SUPPLIED DATA:
◇ ◇ ◇
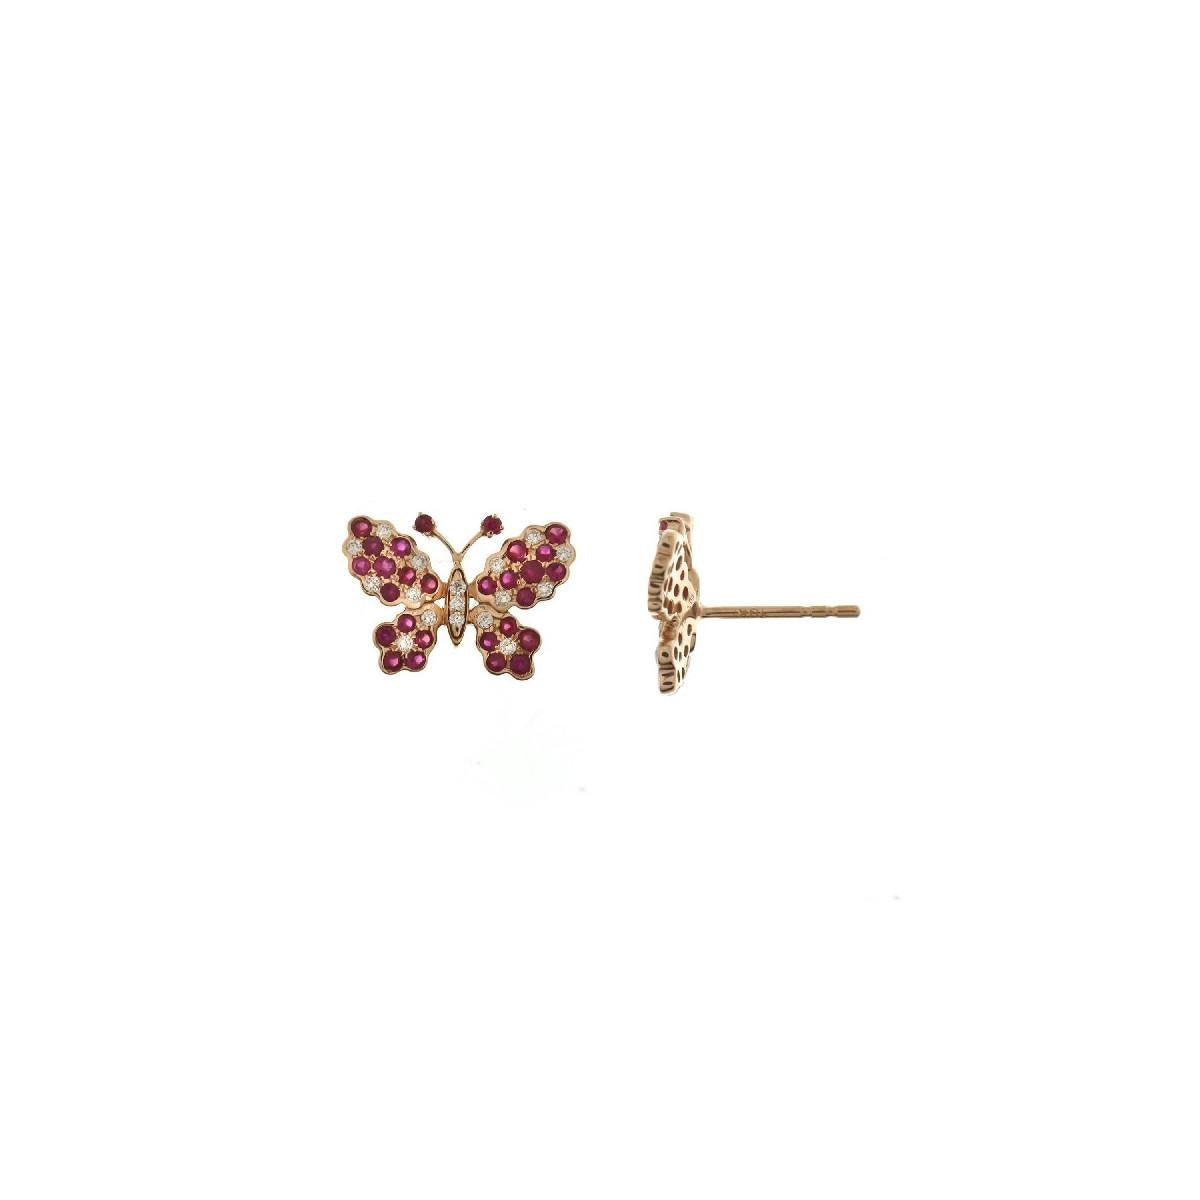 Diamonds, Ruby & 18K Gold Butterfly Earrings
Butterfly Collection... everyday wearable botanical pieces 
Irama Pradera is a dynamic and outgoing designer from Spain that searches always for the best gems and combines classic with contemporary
◇ ◇ ◇
WHAT IS BEING ASKED:
A faithful copy of the data above is wanted, with every image left out.

OUTPUT OF THE TASK:
 Diamonds, Ruby & 18K Gold Butterfly Earrings
Butterfly Collection... everyday wearable botanical pieces 
Irama Pradera is a dynamic and outgoing designer from Spain that searches always for the best gems and combines classic with contemporary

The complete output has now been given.